Now that voice assistants are more intelligent, people are warming up to frequent interaction. According to Pavliscak, 37 percent of voice assistant users wish the AIs were a real person – and not just kids, she notes, although it doesn’t take much for a kid to love a robot – or even a water heater that looks like one.
“We don’t need much to humanize our technology. If it has eyes; if there’s a hint of a gesture; if it has a voice; if has a backstory, or any kind of irregular erratic movements… we humanize everything.” This is so pervasive that 27 percent of people aged 18-24 would have a relationship with a robot (no, not necessarily that kind of a relationship).
So then how do we leverage this innate desire to emotionally relate with AI? In part, by making AI better at understanding us.
For example, facial recognition (and interpreting the emotional data within faces) has gotten really good. Though it has some worrying applications – China’s pervasive facial recogntion comes to mind – the benefits are potentially even more expansive. For example, researchers are studying how to use AI to recognize and help prevent road rage – and the accidents it causes.
Humans are toolmakers, and in the same way a calculator helps you solve math problems, it’s possible AI of the future will help us leverage our emotions – and even understand them better. USC is developing a virtual therapist that can identify emotional triggers in patients suffering from PTSD, for instance. It’s not a stretch to imagine such a therapist would eventually be able to identify such signs as well as a human can – while also adding a degree of anonymity you can’t get with a real person.
Artist Lauren McCarthy created an app called People Keeper that would help you notice how people in your life affect your mood and stress levels. You could cut out people who have a negative impact, and embrace those who have a calming effect. That has some Black Mirror-like implications, but it also shows emotional intelligence can help people make better decisions about life and social interactions, in the same way Google Maps helps you choose the best route to your favorite taco place. It’s a real iOS app by the way, if you want to give it a go.
It even has applications in gaming; a VR game called Nevermind, for instance becomes harder the more scared or anxious you feel.
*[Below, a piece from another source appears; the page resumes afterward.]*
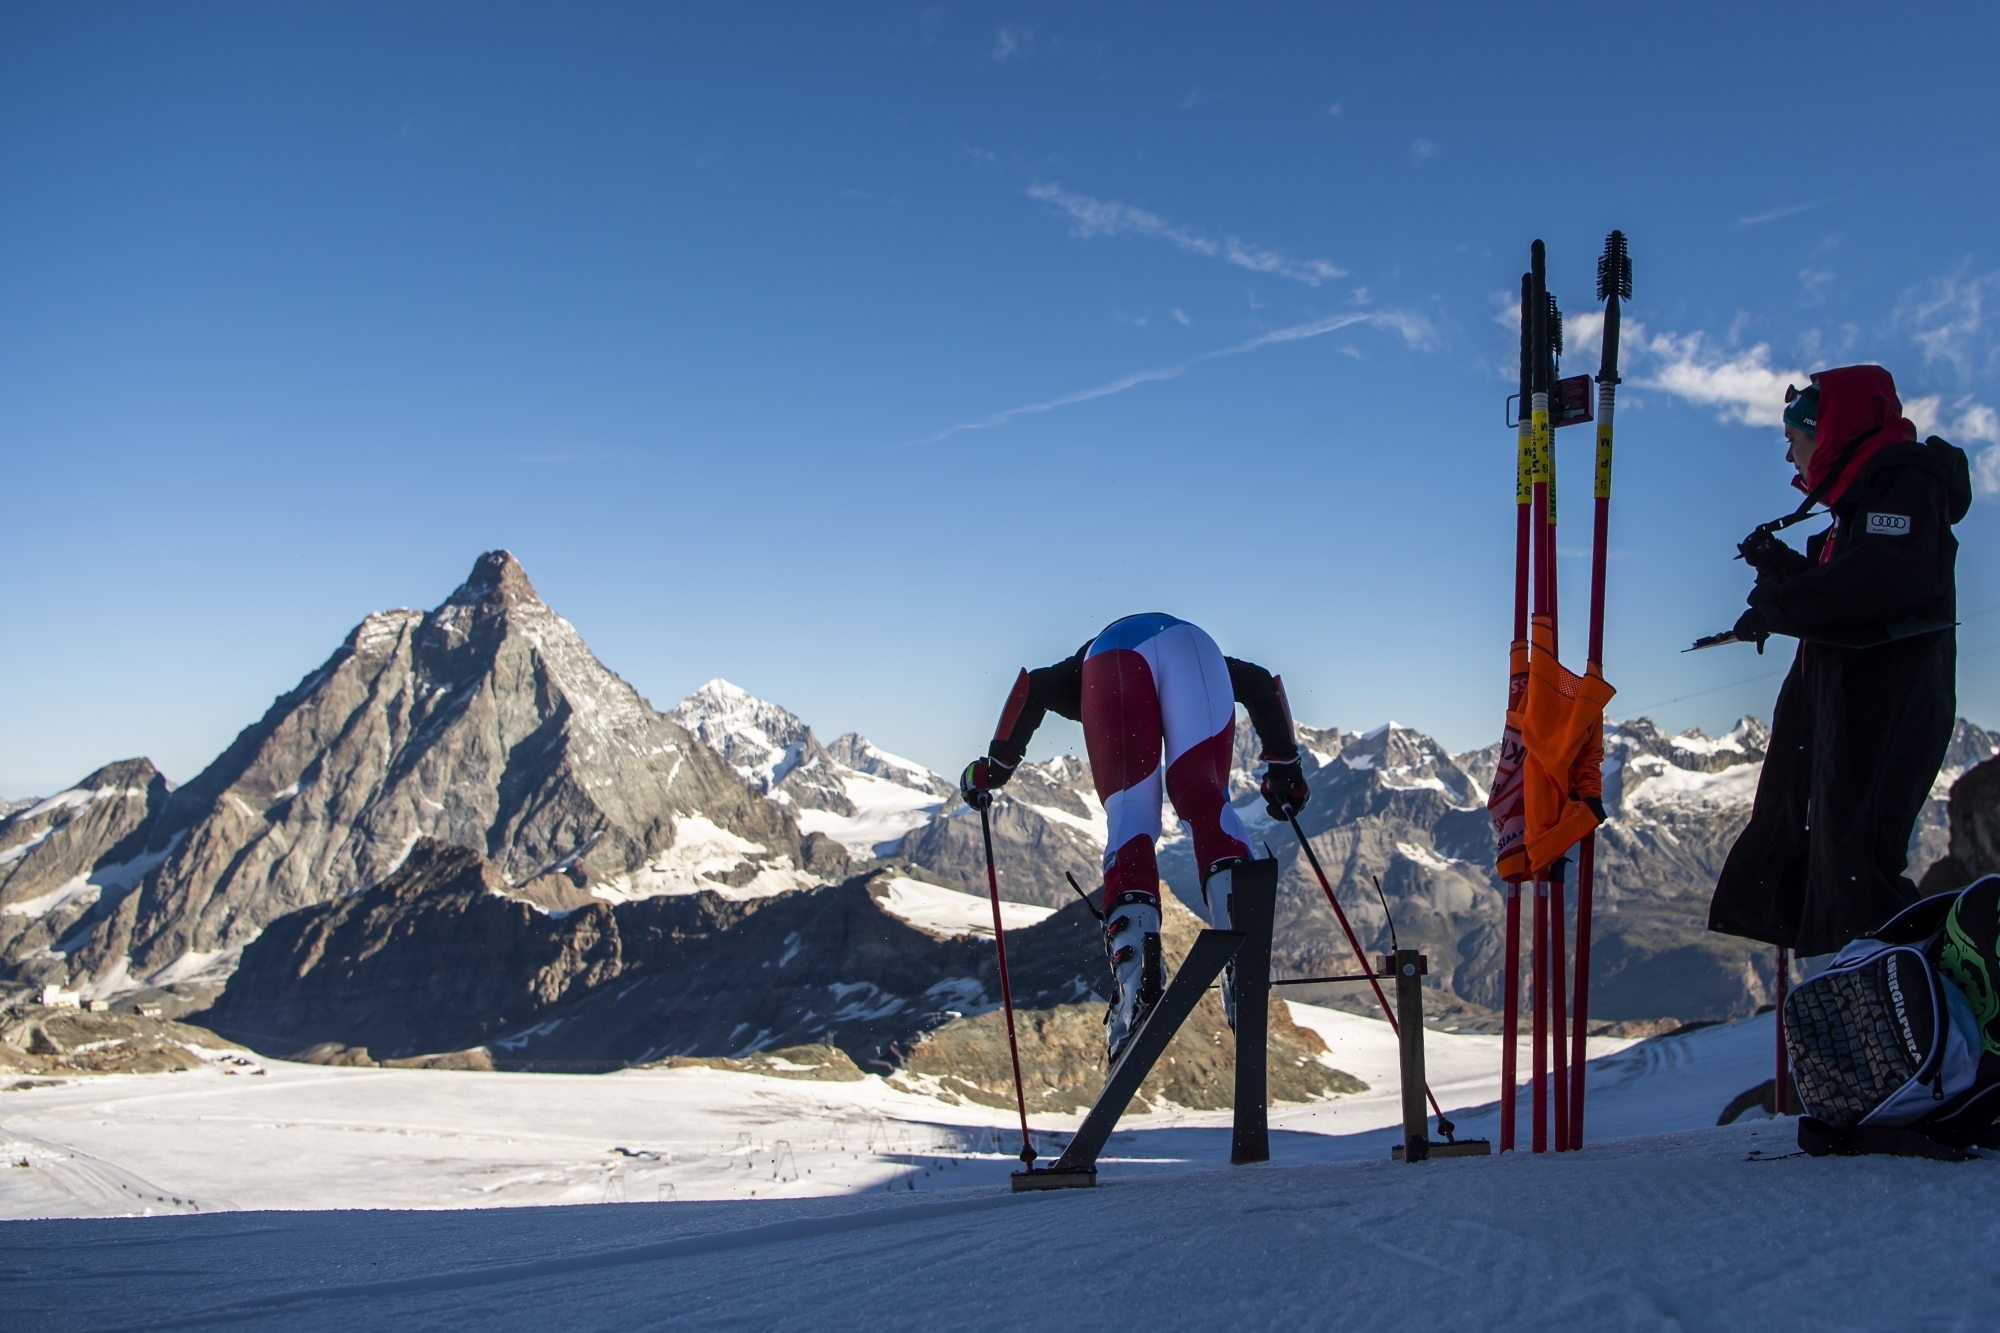 Les skieurs de Coupe du monde ont déjà leurs habitudes à Zermatt durant la préparation estivale.

It not a stretch to imagine future VR games will leverage your emotions in similar ways.
While humans will likely always be better at understanding some aspects of emotions, there’ll come a point where machines are better at others. Ultimately, Pavliscak envisions a future where our machines help humans become emotionally smarter too.
“Maybe, just maybe, as the emotional intelligence of the machines go up, our emotional intelligence goes up too.”